Work task - Starting at the line that contains "Rattlebridge Farm: Spinach", reproduce only the lines through the end of the data, exactly, including both the first and the last; skip the pictures.

##### Provided data

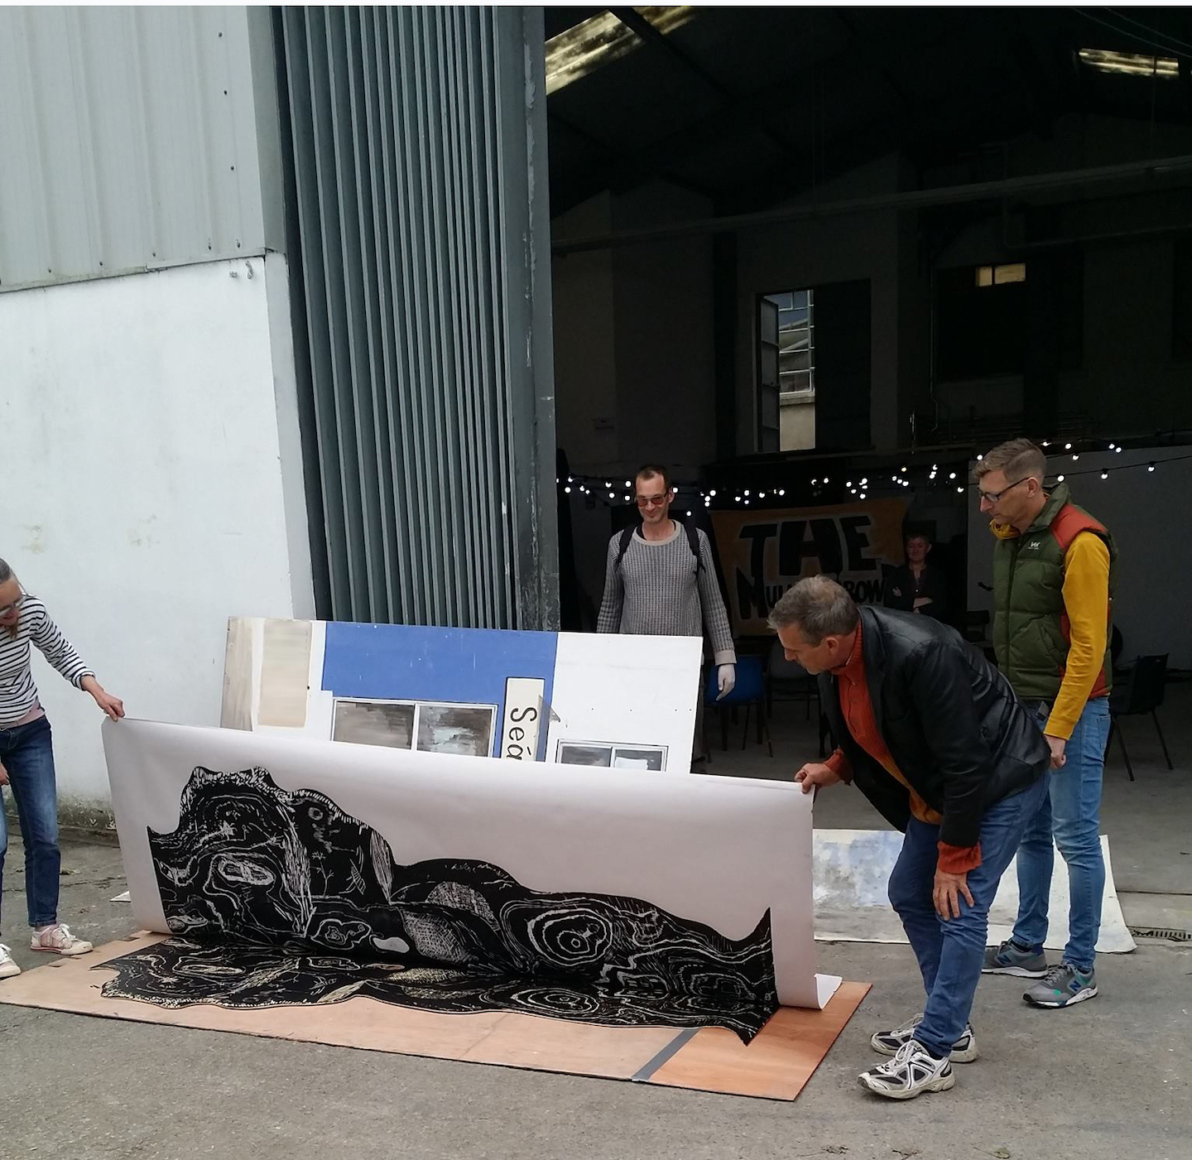 Phoebe Dick and Liz Byrne, an image of a section of a large woodblock collaboratively created during the Evidence of Small Behaviours symposium, printed using the Leitrim Sculpture Centre forklift, 2015.
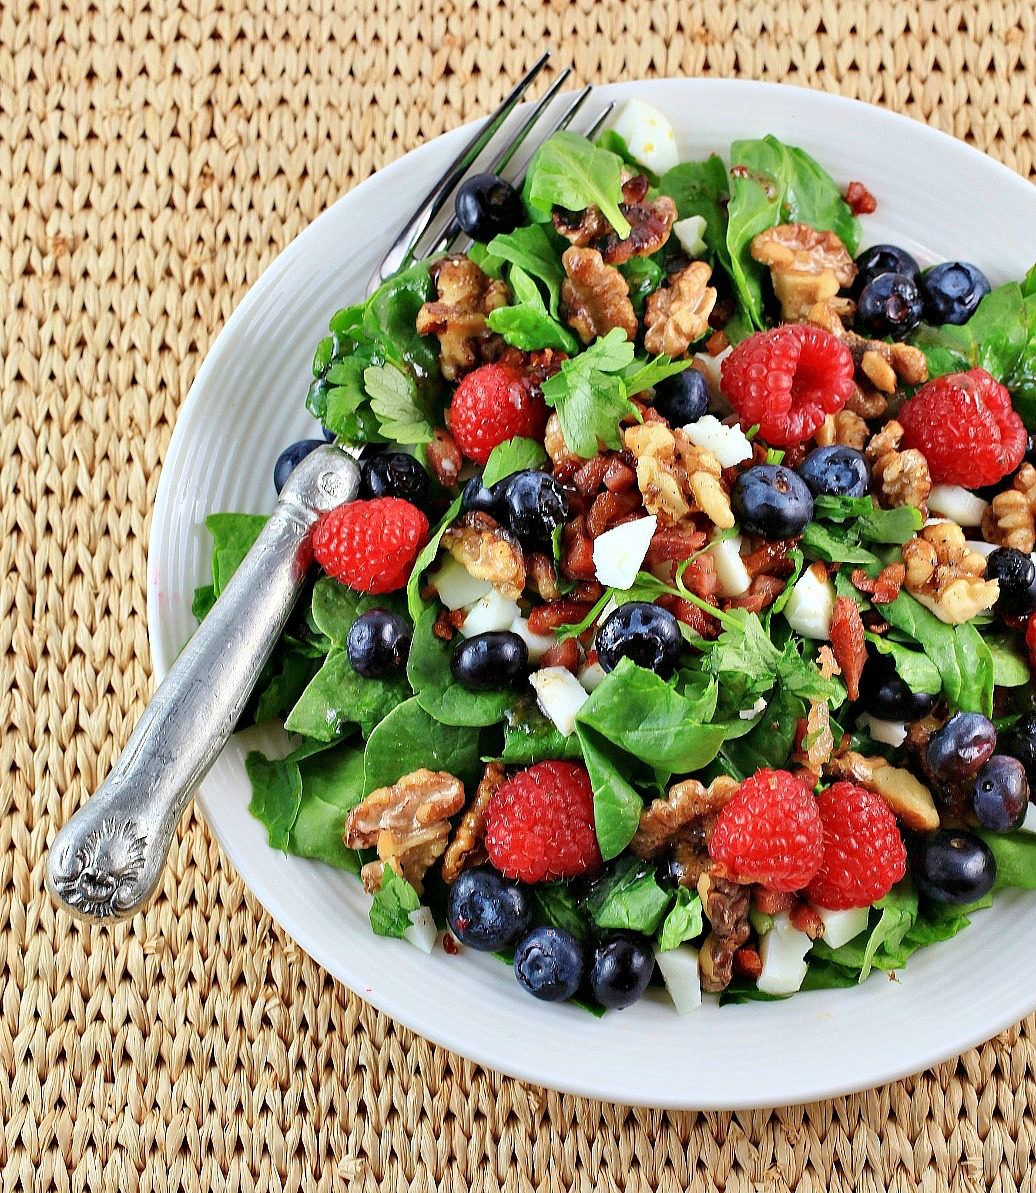 Rattlebridge Farm: Spinach Salad with Berries and a Warm Pancetta Dressing
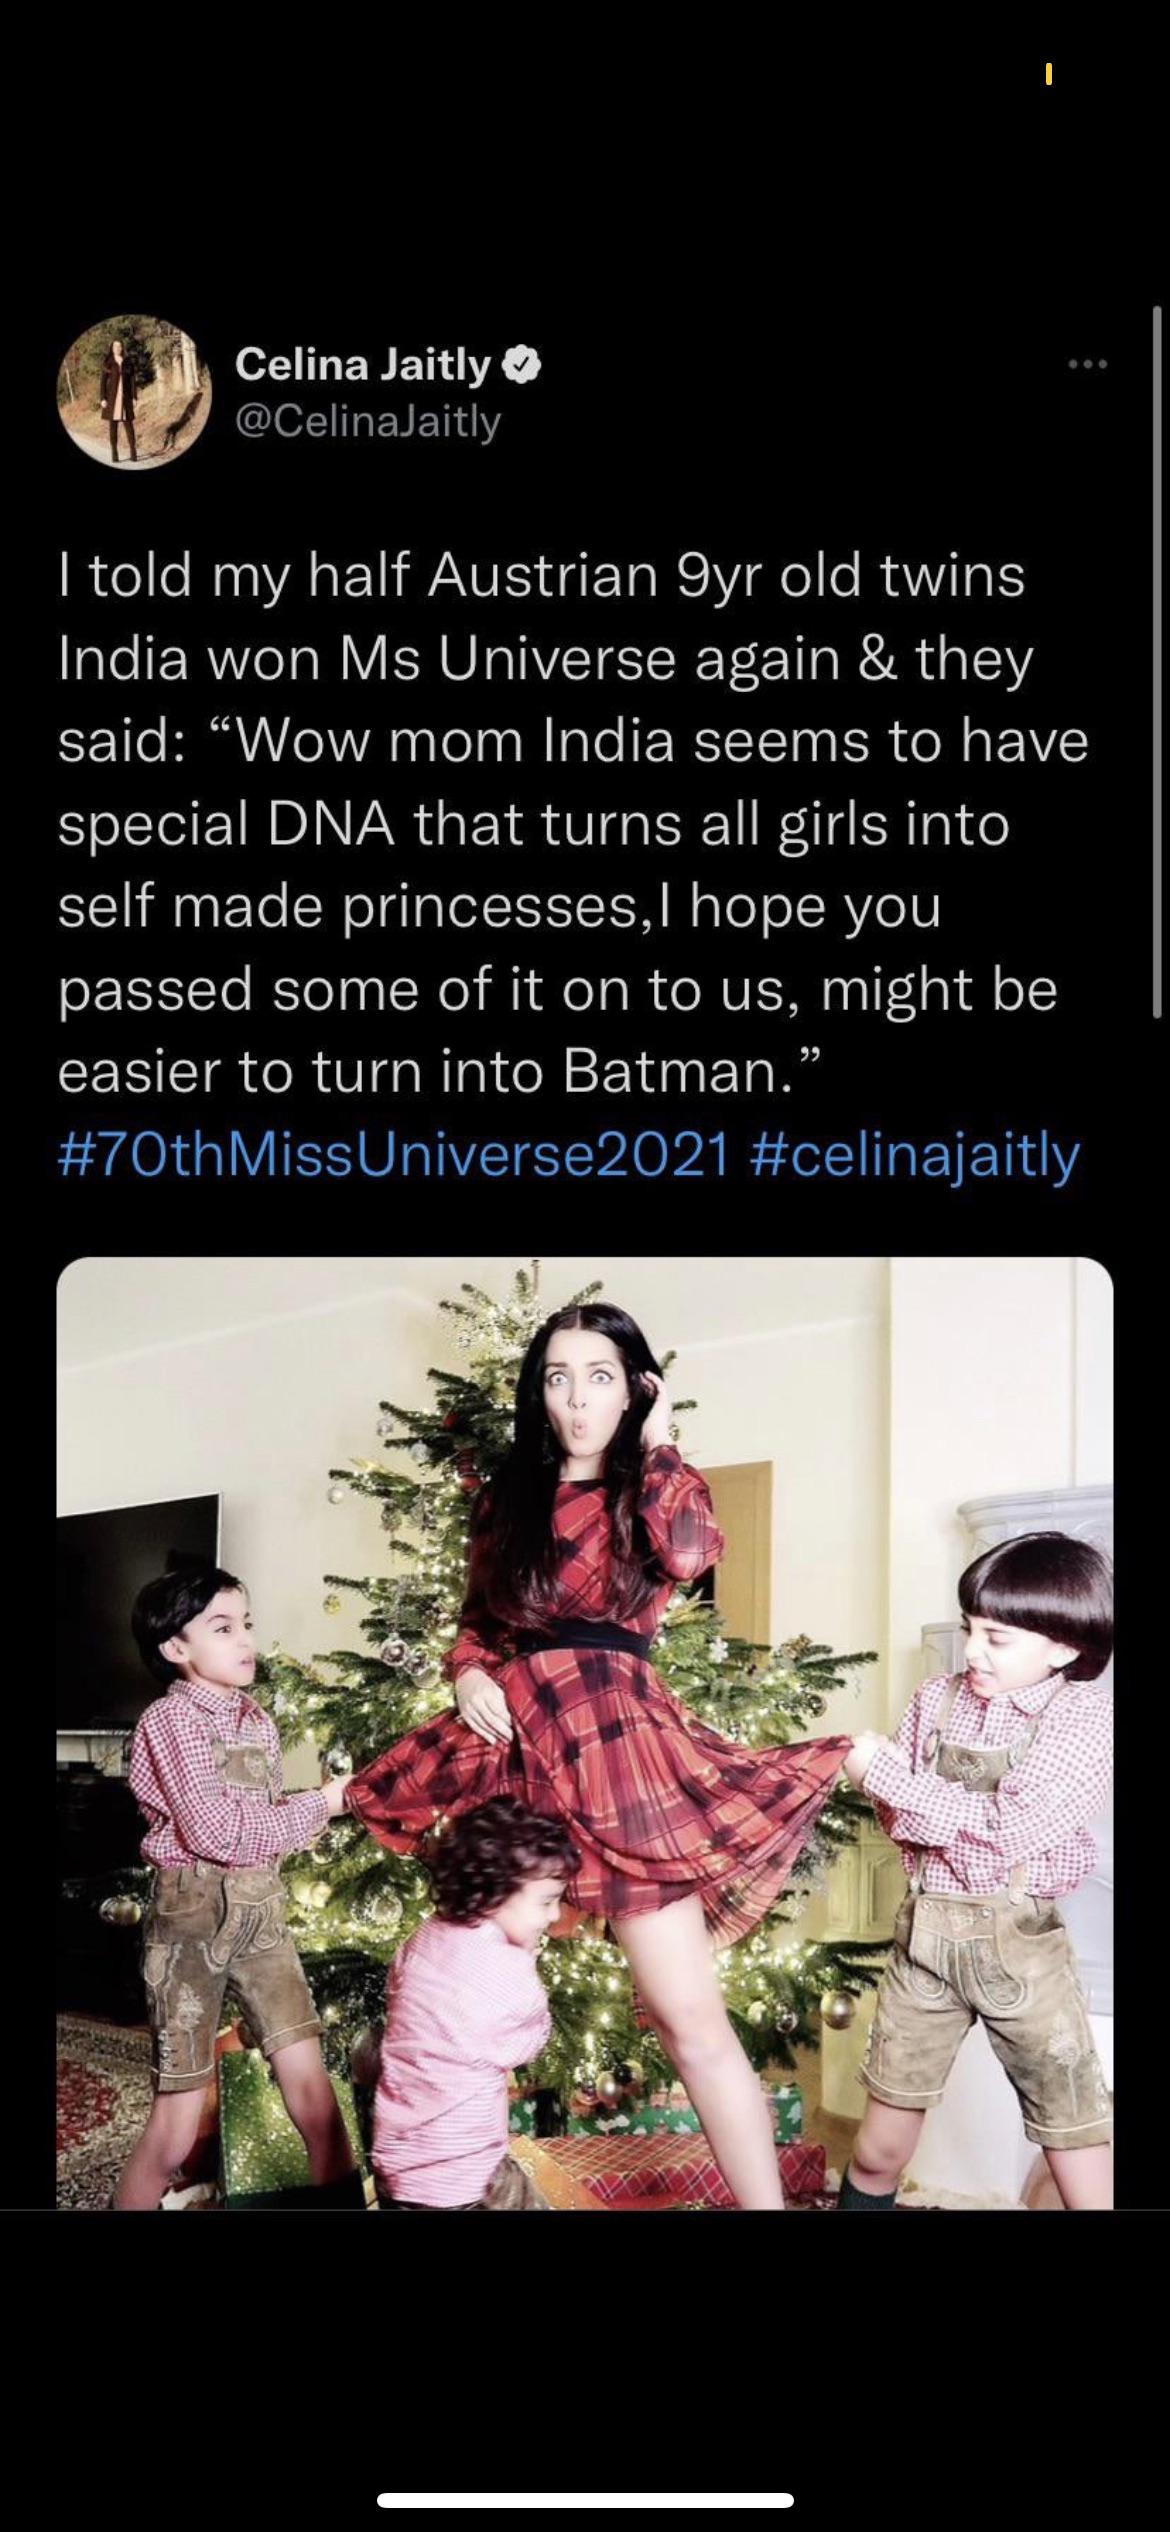 people lying online for cloout - flower - Celina Jaitly I told my half Austrian Syr old twins India won Ms Universe again & they said Wow mom India seems to have special Dna that turns all girls into self made princesses, I hope you passed some of it on t

##########

Reply to the task -
 Rattlebridge Farm: Spinach Salad with Berries and a Warm Pancetta Dressing
 people lying online for cloout - flower - Celina Jaitly I told my half Austrian Syr old twins India won Ms Universe again & they said Wow mom India seems to have special Dna that turns all girls into self made princesses, I hope you passed some of it on t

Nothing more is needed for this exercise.